Rivalry over Pure Music

angel trumpetMark Evan Bonds’ book Absolute Music: the History of an Idea deals with the most fundamental question in musicology. There are many music lovers for whom the subject is meaningless but some music lovers, including me, like to reflect on these matters. These days, music appreciation courses routinely teach the distinction between absolute music and program music. The latter paints a picture (say, a lake) in tones or tells a story (such as in Dukas’ “The Sorcerer’s Apprentice.”) The former doesn’t refer to anything beyond itself. The basic question, though, is whether or not music is its own isolated world, manipulating tones with no reference to anything else at all, or is related to the world in some way. This latter possibility could suggest that, say Schubert piano sonatas express emotions even if they are hard to define in words.

The title might lead a potential reader to think that Bonds is defending absolute music. That is not the case. Bonds is studying the history of this idea and along the way leaves us with an argument that a commonsense position that music is its own world but connects with phenomena elsewhere in the world. Central to this study is Edward Hanslick whose book Von Musikalischer-Schöne is pivotal to the debates it touched off, although Hansklick was neither the first by a long shot nor the last to make the argument he made (which Bonds examines at length.) (Sorry, the German title is hard to translate; it means something like “the musically beautiful.) Hanslick’s book did have the merit of being lucidly written in a field of thought that produced turgid and obscure tomes. Hanslick’s arch-enemy was Richard Wagner who lampooned Hanslick in the character of Beckmesser in Die Meistersinger.

Bonds’ own writing is very lucid and a great pleasure to read. One does not need to have technical knowledge of music to read this book. The key terms are clearly defined to help the reader understand the debate. There is also much about the characters of the principal debaters of what became the most intense musical debate in Europe for several decades in the 19th century. What the personal element shows is that the heat of debate distorts clear thinking and leads to exaggerated positions that get derailed from common sense and the evidence. More important, the debaters simply failed to understand accurately what their opponents were saying. Bonds traces the debate to the point where some reconciliation (for the time anyway) took place and even shows evidence of softening on the parts of Hanslick and Wagner. And yet neither could get over their personal animosities enough to admit publicly the changes in their positions, let alone reconcile with a hated adversary.

The personal elements in this debate interest me as my study of the thinking of René Girard and his colleagues has given me a keen interest in the phenomenon of what Girard calls “mimetic rivalry.” In light of Girard’s thinking, another personal element stands out for me. Hanslick began writing his book in the wake of the revolutions of 1848-9. This turmoil, climaxed for him by witnessing crowd violence that killed a hapless victim, motivated Hanslick (in Bond’s judgment as well as mine) to find in music a pure refuge from such human turmoil. This shows up in Hanslick’s insistence on the purity (reinlichkeit) of music.
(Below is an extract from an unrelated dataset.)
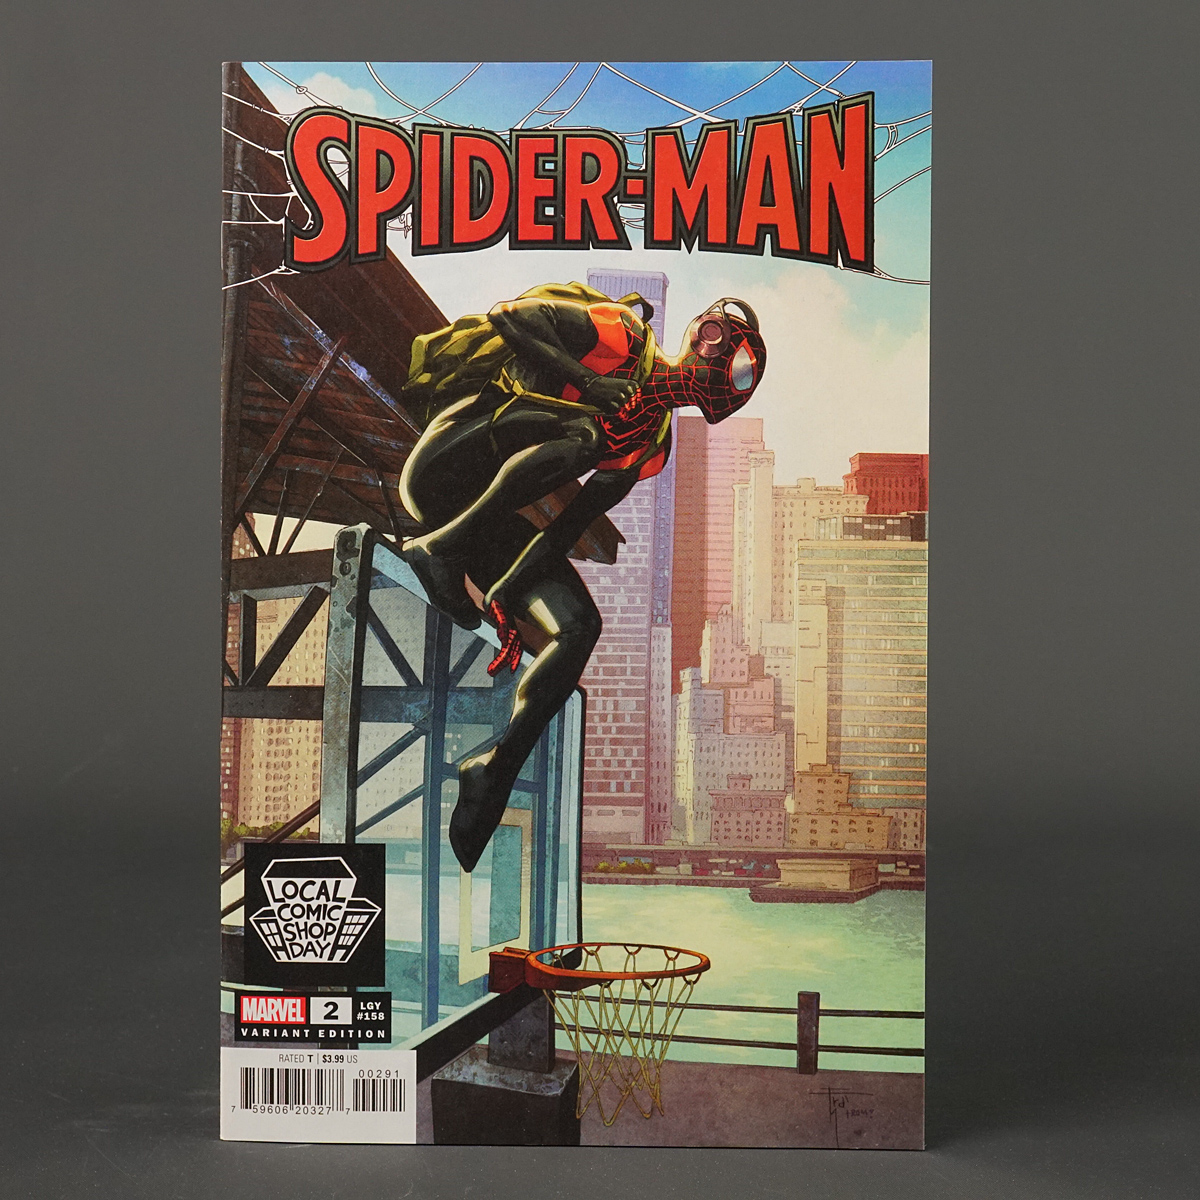 SPIDER-MAN #2 var LCSD Marvel Comics 2022 AUG228094 (CA) Mobili (W) Slott

This same thing happened in the twentieth century. During and after World War I, there was a strong movement to absolutize music, to isolate it from human affairs. Igor Stravinsky was a ringleader here. That is ironic. His ballet The Rite of Spring (premiered in 1913) can be seen a prophecy of the sacrificial bloodshed about to tear Europe apart. After the war, Stravinsky insisted that it was an abstract symphonic poem. This same kind of thing happened after World War II with another wave of insistent manifestos that tried to tuck music into isolated boxes.

As for me, a Schubert piano sonata is a world with its own beautiful musical argument that spills out into the worlds of real human hearts. Maybe this is a bit fanciful, but there are times when I think Schubert was subtly undermining the Austrian Empire in his dramatic shifts of keys and the uncertainty of which end was sometimes up.